[Data extracted from a collection]
━━━

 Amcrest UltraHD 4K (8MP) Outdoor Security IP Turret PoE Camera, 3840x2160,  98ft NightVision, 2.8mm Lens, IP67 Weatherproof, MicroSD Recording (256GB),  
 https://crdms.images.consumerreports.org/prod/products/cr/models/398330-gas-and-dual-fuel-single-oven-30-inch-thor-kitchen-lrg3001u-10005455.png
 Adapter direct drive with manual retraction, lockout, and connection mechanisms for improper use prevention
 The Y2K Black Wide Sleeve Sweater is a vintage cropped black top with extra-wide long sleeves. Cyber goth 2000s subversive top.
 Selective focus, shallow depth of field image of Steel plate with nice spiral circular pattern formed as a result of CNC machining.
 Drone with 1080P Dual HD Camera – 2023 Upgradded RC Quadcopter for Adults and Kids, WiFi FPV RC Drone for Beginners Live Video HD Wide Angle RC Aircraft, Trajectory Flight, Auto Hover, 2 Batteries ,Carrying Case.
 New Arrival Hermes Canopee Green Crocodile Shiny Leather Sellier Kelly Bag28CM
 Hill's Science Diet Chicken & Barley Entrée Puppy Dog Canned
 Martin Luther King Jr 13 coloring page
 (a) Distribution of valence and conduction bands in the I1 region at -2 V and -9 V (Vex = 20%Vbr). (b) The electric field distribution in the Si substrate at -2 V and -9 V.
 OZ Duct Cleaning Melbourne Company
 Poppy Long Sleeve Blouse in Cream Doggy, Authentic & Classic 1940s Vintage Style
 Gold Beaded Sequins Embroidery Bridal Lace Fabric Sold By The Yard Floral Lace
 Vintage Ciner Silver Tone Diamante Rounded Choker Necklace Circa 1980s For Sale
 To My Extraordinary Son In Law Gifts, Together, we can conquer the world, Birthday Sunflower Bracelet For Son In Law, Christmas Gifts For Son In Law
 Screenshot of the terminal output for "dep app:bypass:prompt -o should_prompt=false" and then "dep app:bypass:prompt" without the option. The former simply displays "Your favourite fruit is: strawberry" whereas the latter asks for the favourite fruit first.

━━━

» EXERCISE:
Please go through the data above and copy each line that has the word "field".

» YOUR RESPONSE:
 Selective focus, shallow depth of field image of Steel plate with nice spiral circular pattern formed as a result of CNC machining.
 (a) Distribution of valence and conduction bands in the I1 region at -2 V and -9 V (Vex = 20%Vbr). (b) The electric field distribution in the Si substrate at -2 V and -9 V.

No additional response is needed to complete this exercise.